Addenda is a term derived from addenda, a Latin word that refers to what should be added. The notion of addendum, in this way, refers to the appendix of a book or any other addition that is made to a text.
The addendum has the purpose of developing or expanding the contents already presented. It is usually used in professional documents, contracts and manuals, among other kinds of publications. See ABBREVIATIONFINDER.ORG for abbreviations related to Addendum.
Take the case of a book where the author analyzes the political situation in a country. Over the years, certain events occur that derive from what the writer has stated. In this way, through an addendum, the author can add some comment about it in the new editions of the book.
Sometimes the addendum is used to correct information, without the need to rewrite the material or reprint the entire work. Suppose in a book it is mentioned that a musician was born in 1806 but then, through the discovery of a document, it is discovered that the artist was actually born in 1801. With an addendum, the author of the book is in a position to clarify the correct date.
It is important to establish that, within the scope of the books, the addendum can take on different appearances. By this we mean that not only can it be presented as one more text document but it can also be presented in cd, dvd…

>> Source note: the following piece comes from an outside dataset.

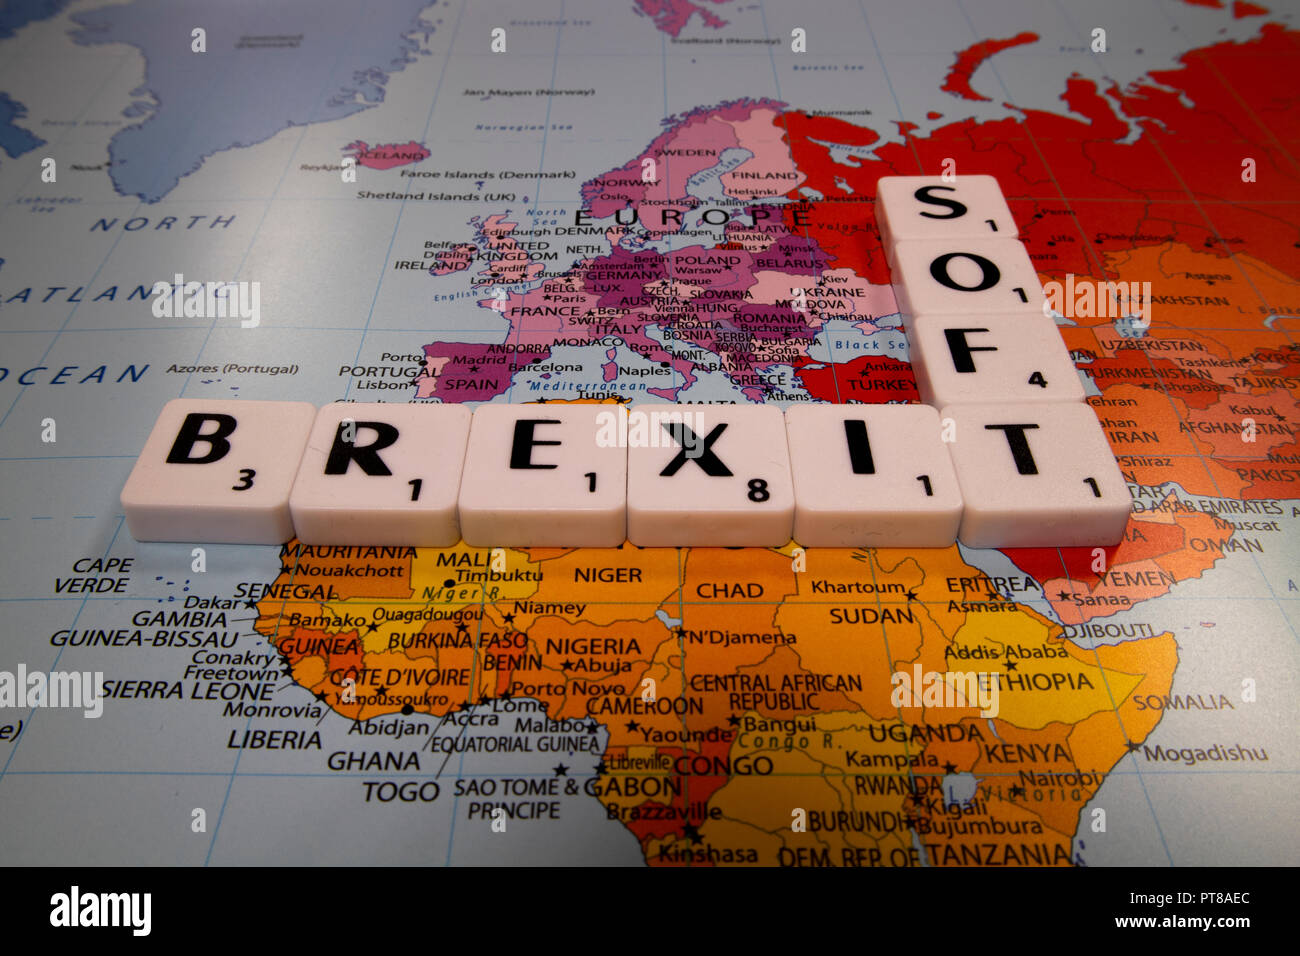 Die weiche Brexit, des Vereinigten Königreichs aus der Europäischen Union, die sich aus der Volksabstimmung im Juni 2016 Stockfoto

If we focus on a manual, the main body of the document can explain certain tasks in a few steps. Those who fail to understand the process can turn to an addendum where actions are carried out more extensively. This organization of the material facilitates the reading of those who do not need as much detail and, in turn, allows the rest of the readers to incorporate more knowledge.
Within what can be a contract of any kind, an addendum can also be included when the parties reach an agreement to expand, clarify or change any substantial part of it. It can be modified from prices to deadlines, passing through certain specific conditions in question.
Addenda can also be found in the medical field. In this case, it is usual that they are used for the doctor in question to enter a series of important data related to the patient.
In the legal field, specifically in trials, addenda can be entered in sentences. Most often, these come to serve so that the jury, based on investigations or very specific data obtained, proceed to explain in detail the decision it has made regarding the innocence or guilt of the accused.
Precisely in this sense one of the best-known addenda is the one made by the jury in the case of Harold Greenwood, who was accused of murdering his wife with arsenic in 1919. He was found not guilty, but in the aforementioned explanation that was added to The sentence made it clear that the jury was convinced that the poison had been administered to the woman, but that it could not demonstrate that the amount ingested was responsible for her death.